With no atmosphere and shielding from the Earth, the far side of the Moon presents a nearly ideal environment for a sensitive Dark Ages telescope. In NRL's LRA concept, scientists and engineers will investigate novel antenna constructions, methods to deploy the antennas, electronics that can survive in the harsh lunar environment, and related technology in preparation for developing a roadmap for research and development of a lunar telescope over the next decade. The team will also build on their experience in developing the Radio Observatory for Lunar Sortie Science (ROLSS), a NASA-funded study of a pathfinding array that would be located on the near side of the Moon. The project leader at NRL, Dr. Joseph Lazio, pointed out that LRA will be one of the most powerful telescopes ever built and will bring us closer than we have ever been to understanding where our Universe came from and where it is going.

The NLSI's goal is to address key questions about lunar science in preparation for the resumption of human visits to the moon about a decade from now. The institute supports scientific research to supplement and extend existing NASA lunar science programs in coordination with U.S. space exploration policy. The selection of the members encompasses academic institutions, non-profit research institutes, private companies, NASA centers and other government laboratories. Selections were based on a competitive evaluation process that began with the release of a cooperative agreement notice in June 2008. The next solicitation opportunity for new members will take place in approximately two years.

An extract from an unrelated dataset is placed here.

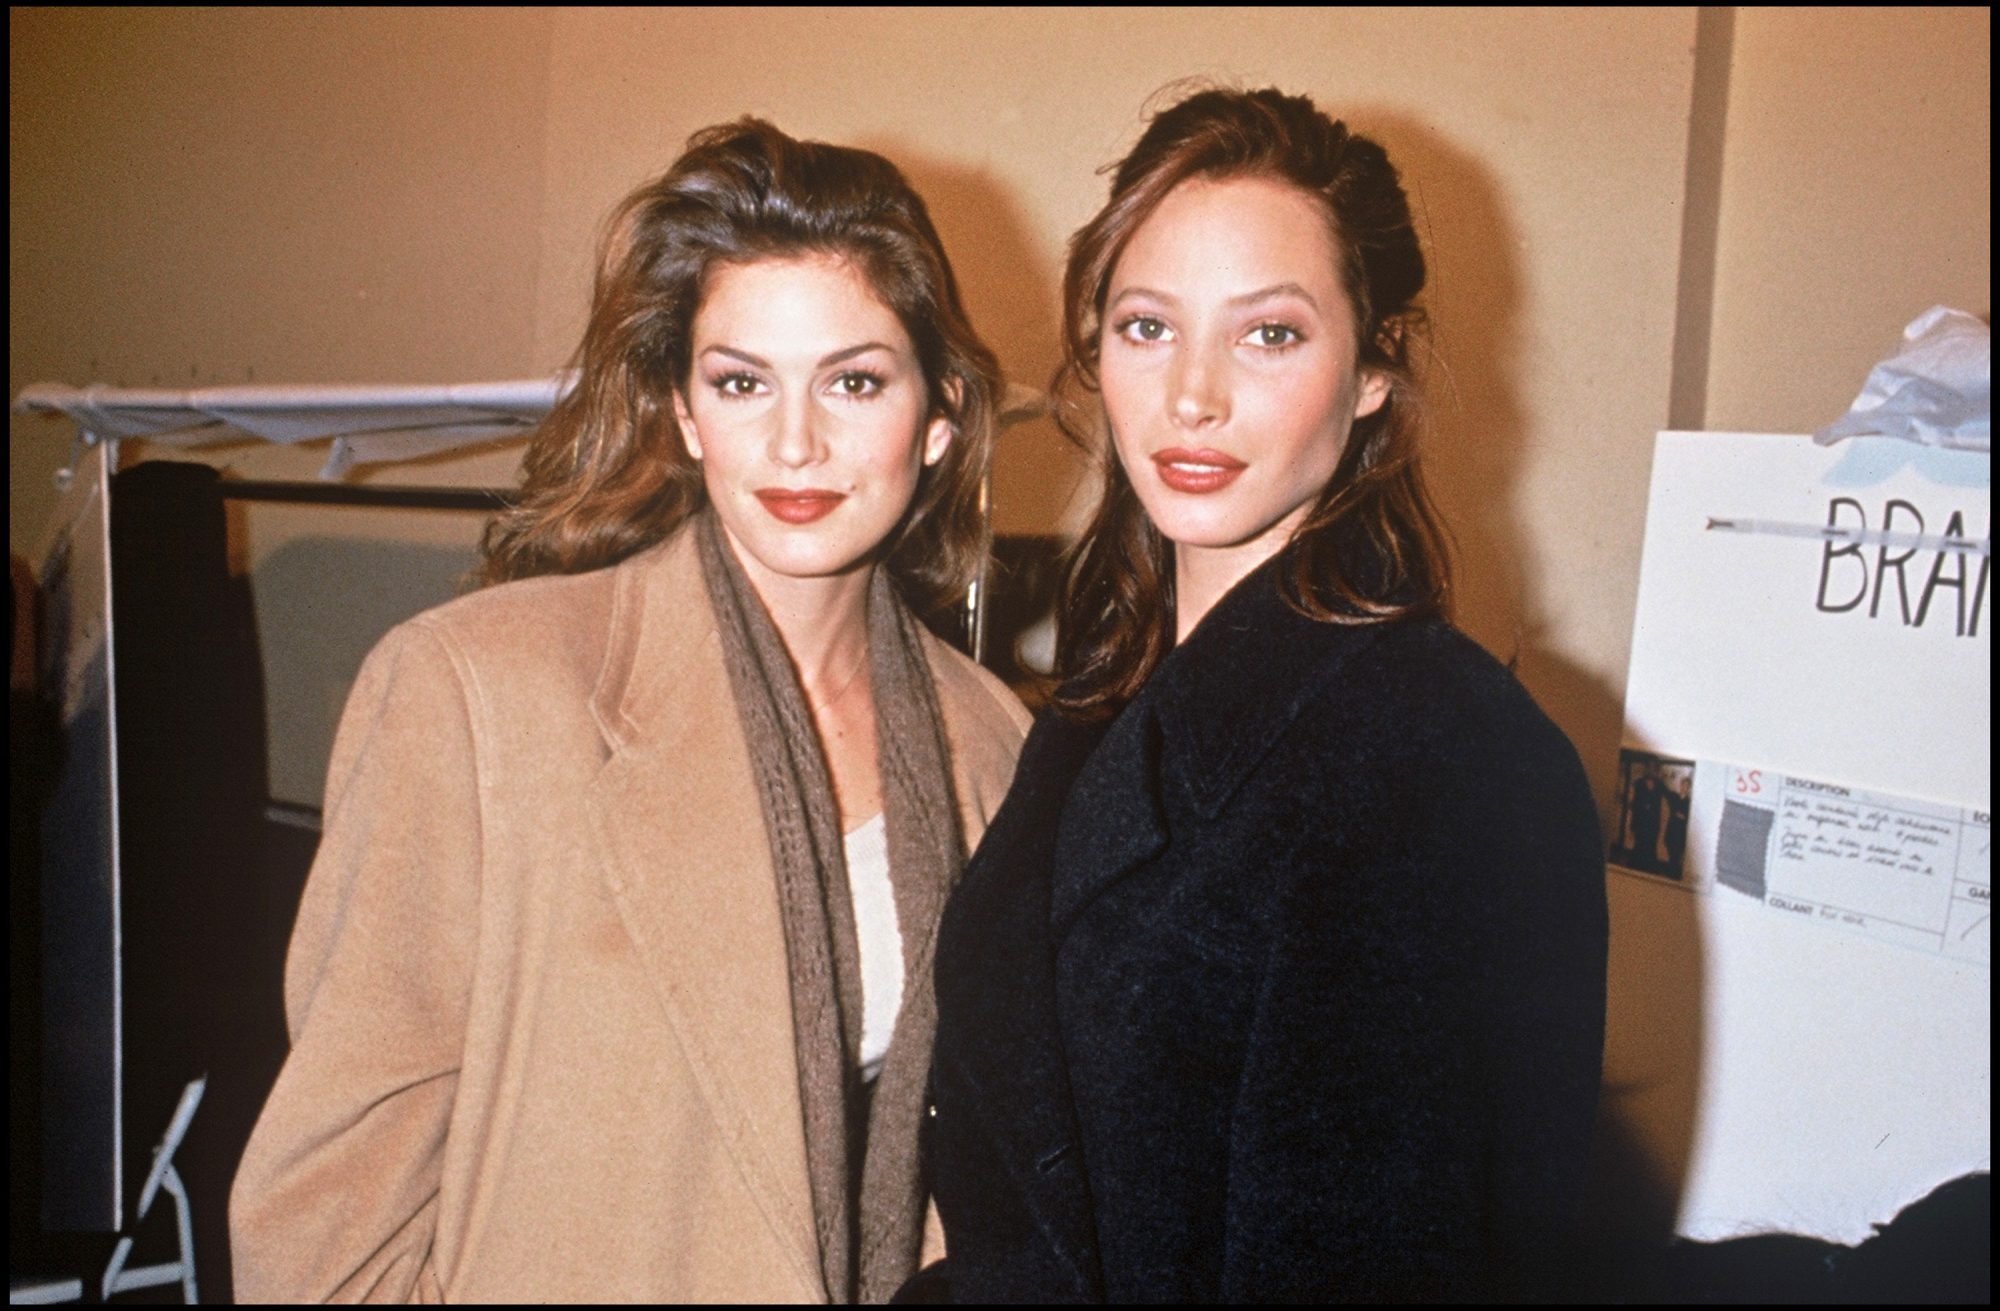 Un documental contará la historia de cuatro de las supermodelos de los 90
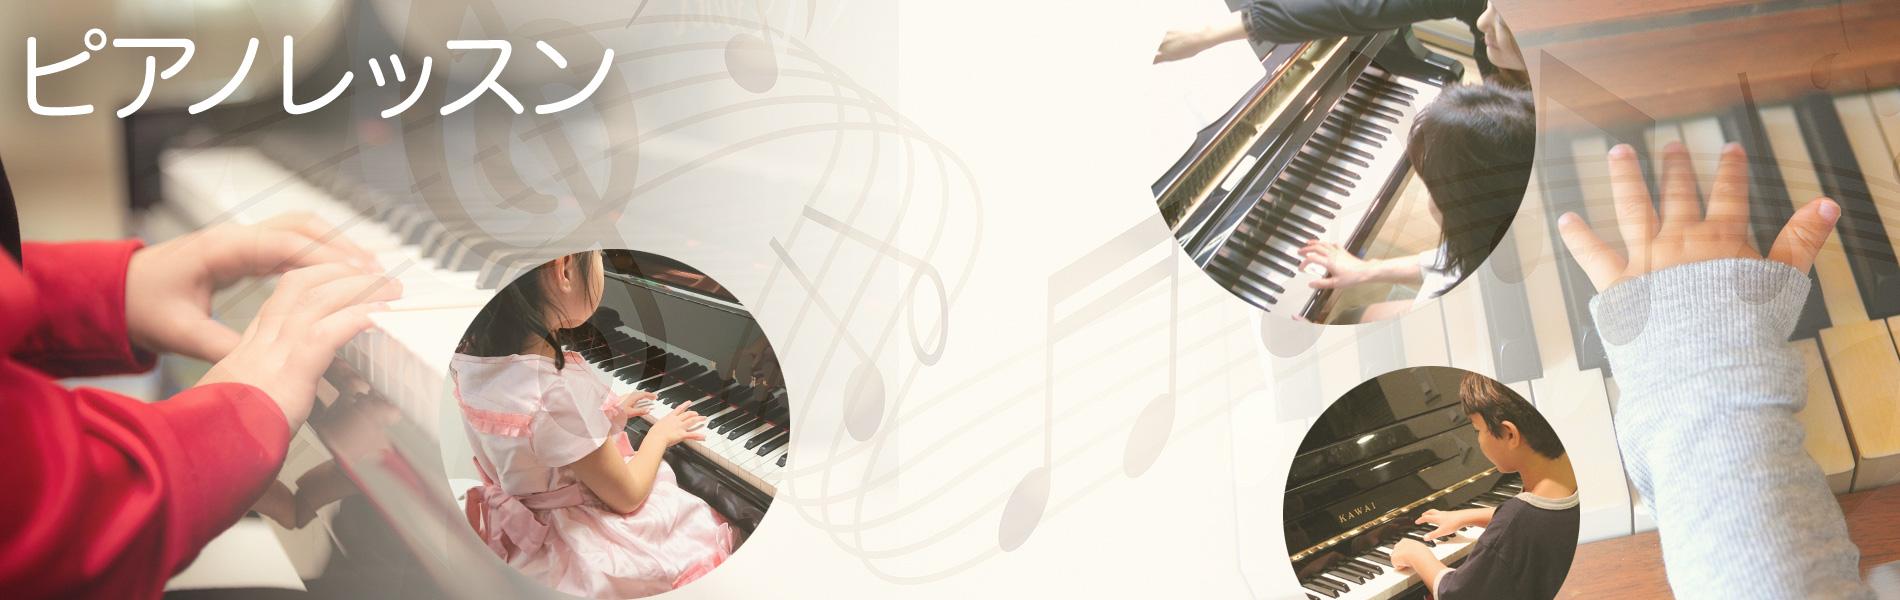 ミューズアート音楽学院・ピアノレッスン

The selected initial NLSI member teams are:

  • Lunar University Node for Astrophysics Research (LUNAR): Exploring the Cosmos from the Moon; principal investigator Jack Burns, University of Colorado in Boulder.
  • The Moon as Cornerstone to the Terrestrial Planets: The Formative Years; principal investigator Carle Pieters, Brown University in Providence, R.I.
  • Scientific and Exploration Potential of the Lunar Poles; principal investigator Ben Bussey, Johns Hopkins University Applied Physics Laboratory in Laurel, Md.
  • Impact Processes in the Origin and Evolution of the Moon: New Sample-driven Perspectives; principal investigator David Kring, Lunar and Planetary Institute in Houston.
  • Dynamic Response of the Environment at the Moon; principal investigator William Farrell, NASA Goddard Space Flight Center in Greenbelt, Md.
  • Understanding the Formation and Bombardment History of the Moon; principal investigator William Bottke, Southwest Research Institute in Boulder, Colo.
  • NASA Lunar Science Institute: Colorado Center for Lunar Dust and Atmospheric Studies; principal investigator Mihaly Horanyi, University of Colorado in Boulder.

Teams were selected from 33 proposals. Based and managed at Ames, the NLSI is a virtual institute, enabling the newly selected members to remain at their home institutions. Partnerships and collaborations among members are highly encouraged and facilitated through a variety of proven networking tools, such as frequent videoconferences.

The NLSI opened in April 2008 and the facility is modeled after the NASA Astrobiology Institute, also based at Ames. That institute is a virtual facility that has successfully sustained a productive research program for more than a decade. The newly selected Lunar Institute teams, along with the international associate and affiliate teams, have members working together throughout the world. The institutes are supported by the Science Mission Directorate and Exploration Systems Mission Directorate at NASA Headquarters in Washington.